Internet Law: In July of 2008, the Third Circuit Court of Appeals ruled that the Child Online Protection Act, 47 U.S.C. Section 231 (“COPA”) was unconstitutional. This was a crucial ruling that affects all websites that display adult content. Under COPA, such websites need to verify that the person accessing the content is not under seventeen years old. This is often done by requiring the user to submit credit card or other similar identifying information before he can access the site. The Court found that while it was laudable for Congress to pursue this goal of protecting children, the procedures set forth in COPA did so by constitutionally overbroad means that ironically, were largely ineffective.

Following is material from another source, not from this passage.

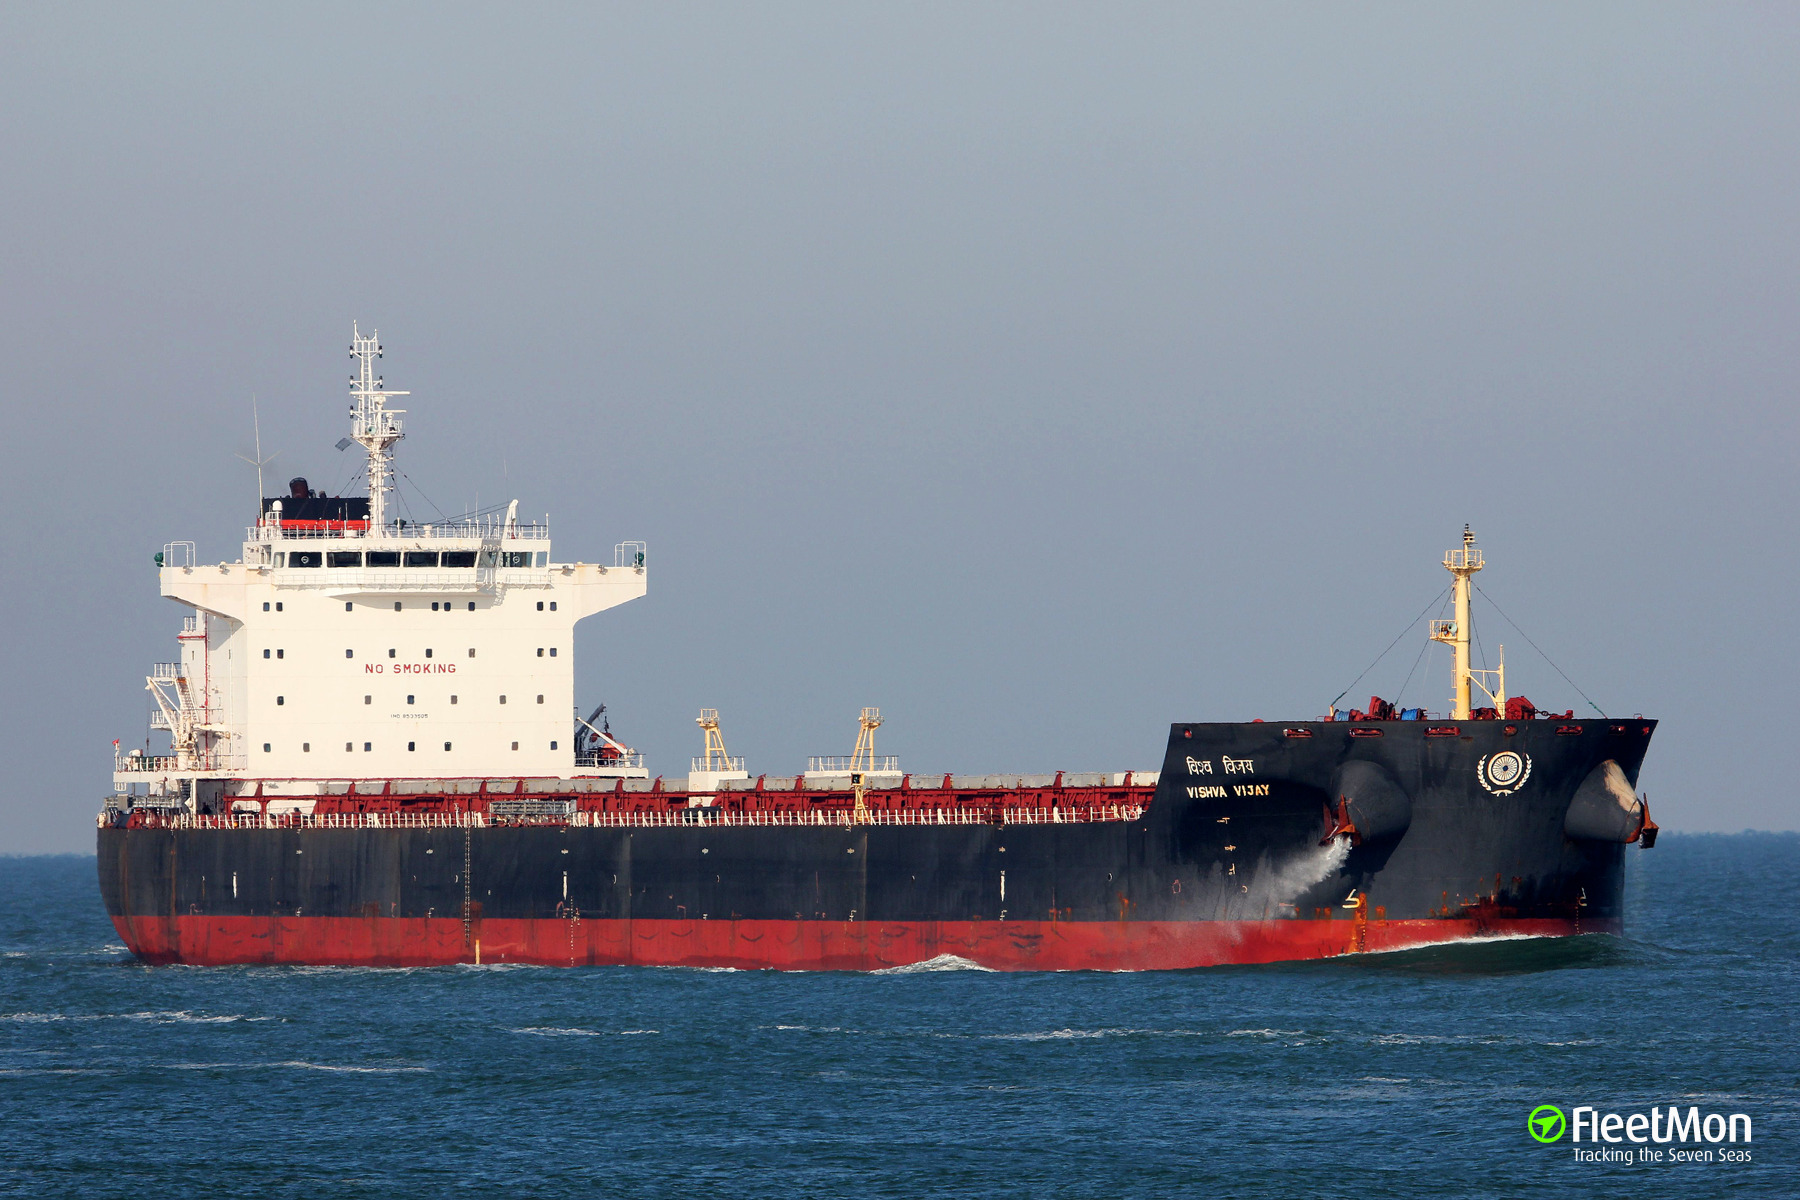 Indian panamax Vishva Vijay aground and refloated, Turkey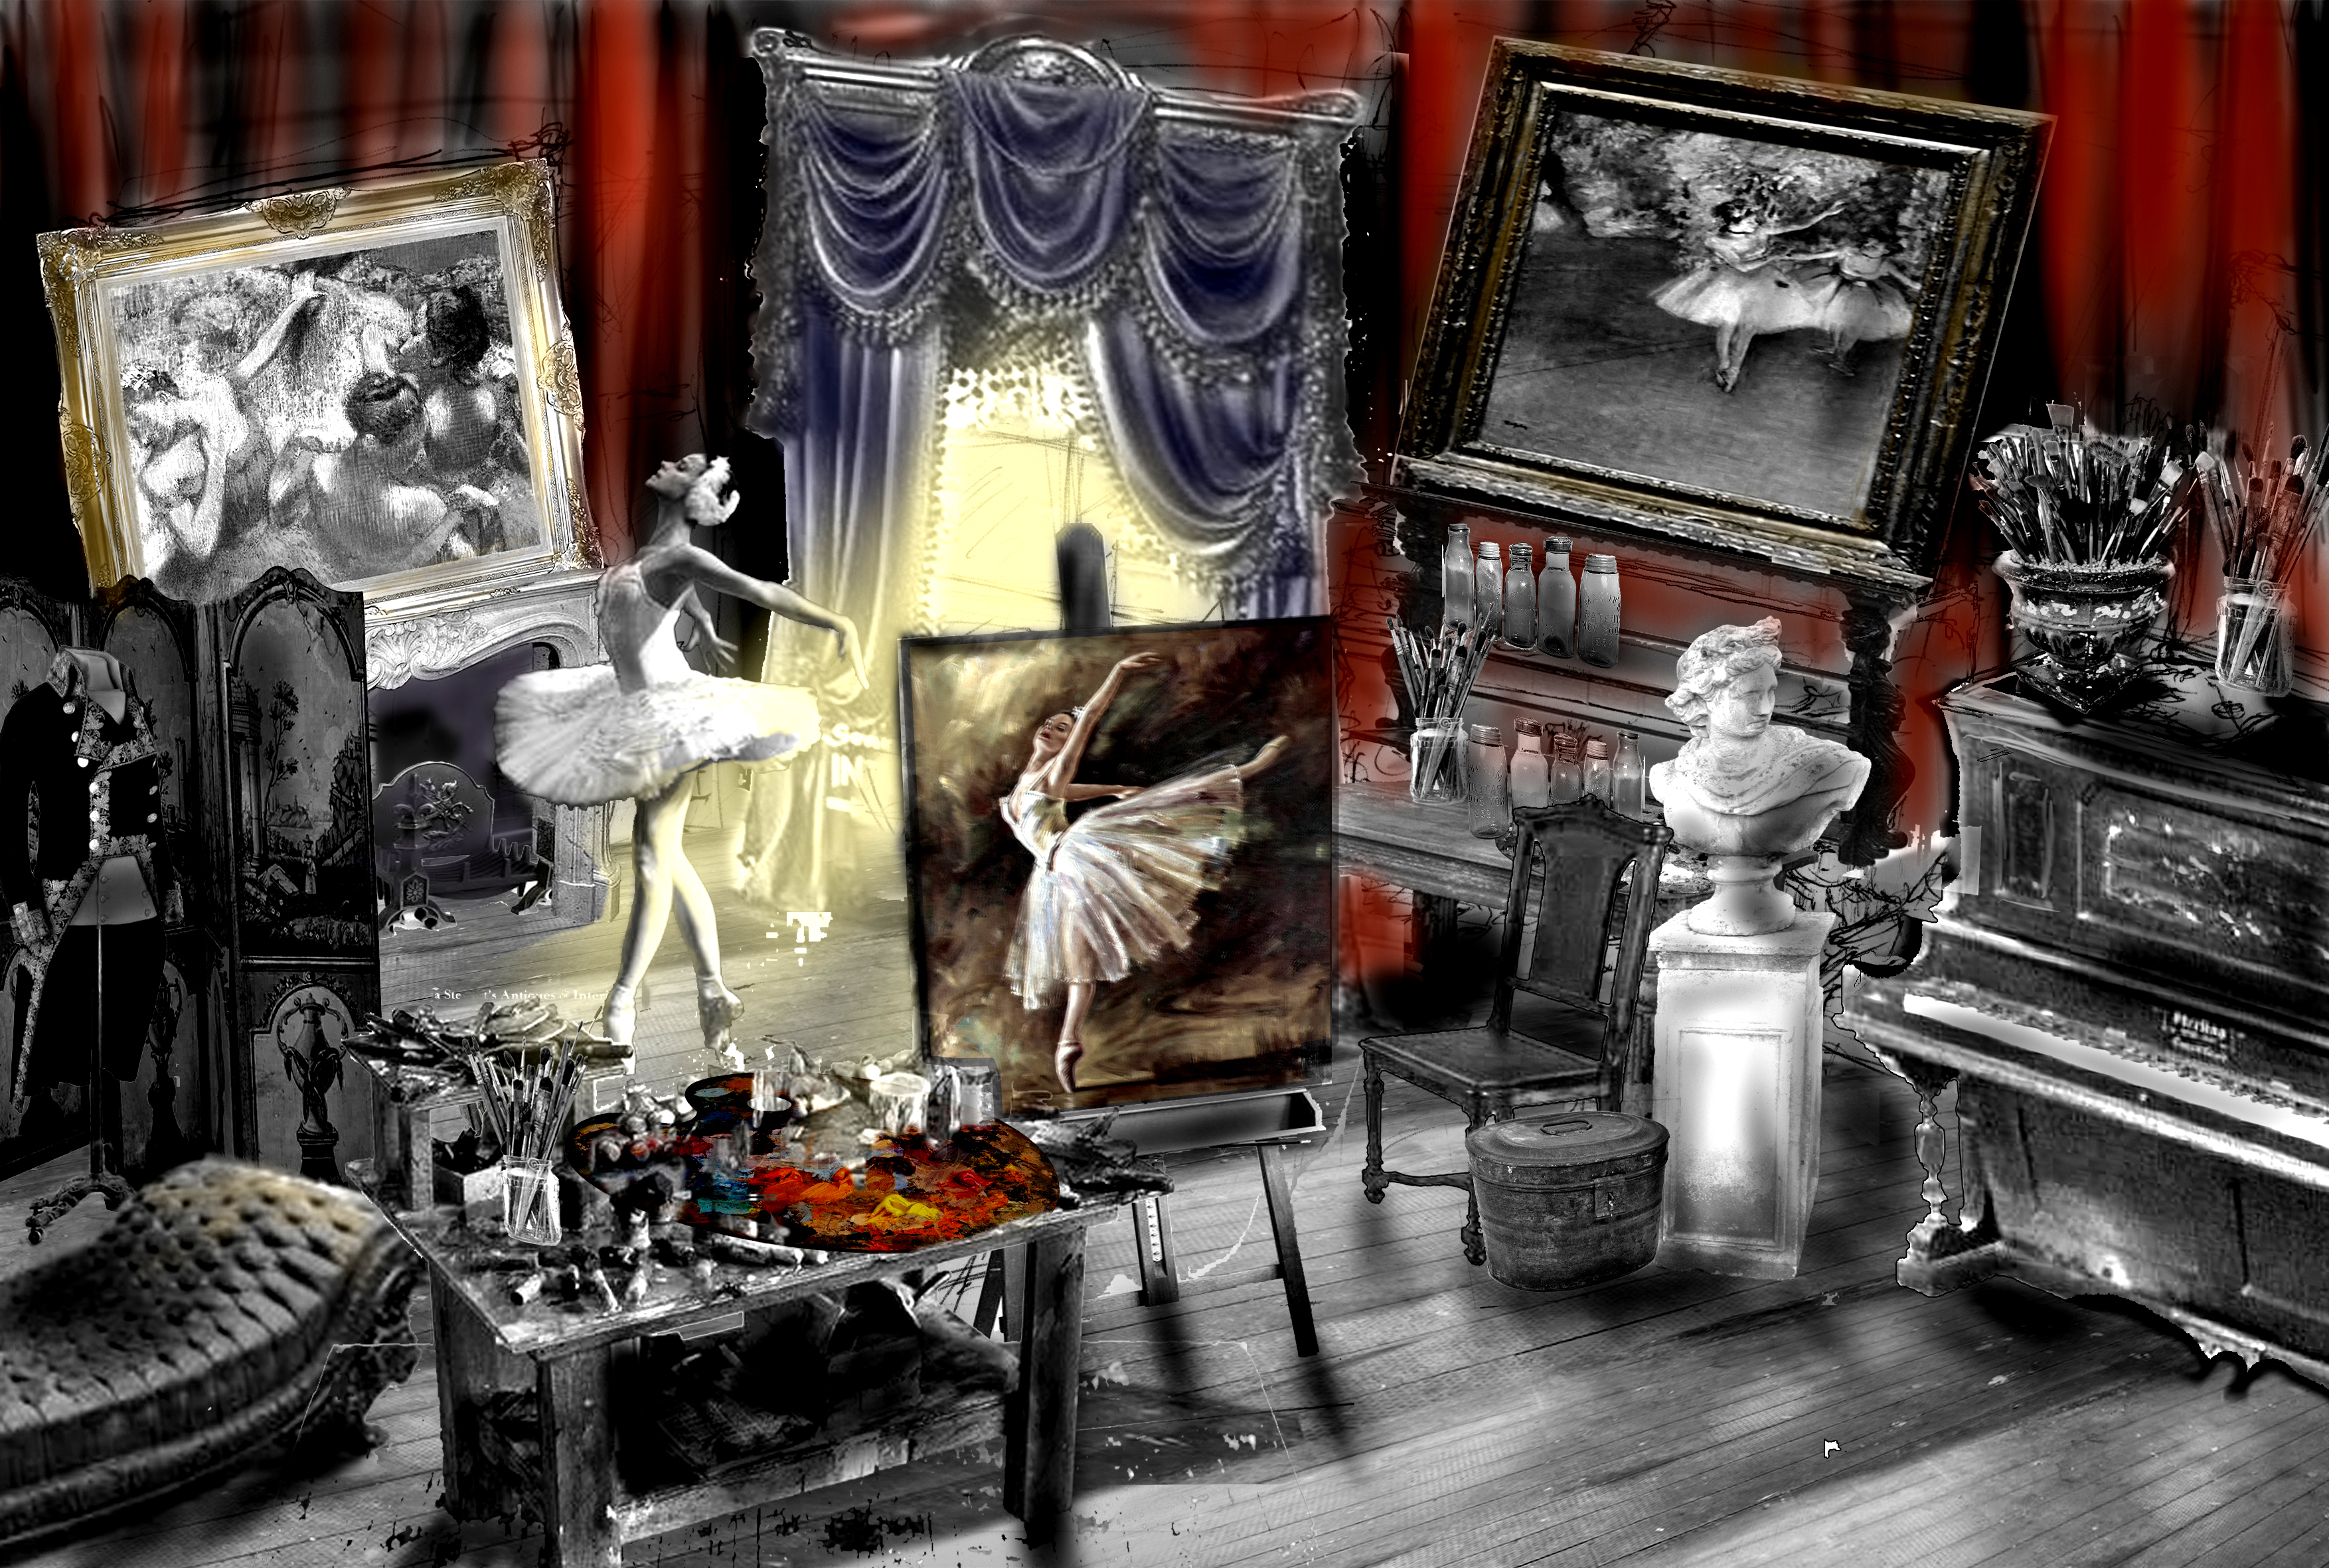 The Impressionists Degas Studio

In American Civil Liberties Union v. Mukasey, United States Court of Appeals for the Third Circuit, July 22, 2008 (No. 07-2539), the Court determined that since COPA involved a restriction of free speech, the First Amendment to the United States Constitution required that the Court use strict scrutiny in determining whether the restrictions imposed were constitutional. Because it was a content-based restriction on free speech, it was presumptively invalid and the Government had the burden of proof to show that it was constitutional.

While the Court determined that there was a compelling governmental interest in protecting minors from viewing adult content, the Court held that the statute was not narrowly tailored to achieve those ends. Some of the examples of the failure to narrowly tailor were:

(a) The statute concerns material “taken as a whole” that is prurient. That wording was too expansive.

(b) It applies to all individuals under seventeen, but that necessarily involved those that would not normally be accessing such websites, such as newborn babies.

(c) The definition of “web publisher” is so broad that it applies to those who post content for free where those who post prurient content is an exceedingly small part of their overall postings.

(d) The concern that the requirement that persons accessing sites with adult content provide credit card and other identifying information will discourage persons over seventeen years of age from engaging in legal activities protected by the First Amendment.

One of the notable aspects of the Court’s reasoning was that COPA was not only overbroad, but also ineffective. For example, the Court noted that the fact that COPA does not reach websites situated outside the United States means that simply moving the website’s servers to a foreign location can render the protections of the law ineffective. Moreover, the Court noted that there is a more effective alternative to requiring credit card and similar identification methods. Namely, the Court found that adults can implement adult site blocking software on their children’s computers. The Court suggested that this would be a constitutional, narrowly tailored solution to the problem of minors viewing adult content. It would likely solve the problem for all concerned.

One might ask why Congress did not just rely on such content blocking software in lieu of passing COPA in the first place. The answer appears to lie in the fact that when COPA was passed a number of years ago, content blocking software was not as effective as it is now. Technology has advanced to such a degree that it is now is a reasonably reliable alternative to COPA’s restrictions.

It is possible that this issue ultimately will be taken up by the United States Supreme Court. However, until it is, COPA is unconstitutional in the Third Circuit (New Jersey, Pennsylvania, Delaware and the Virgin Islands).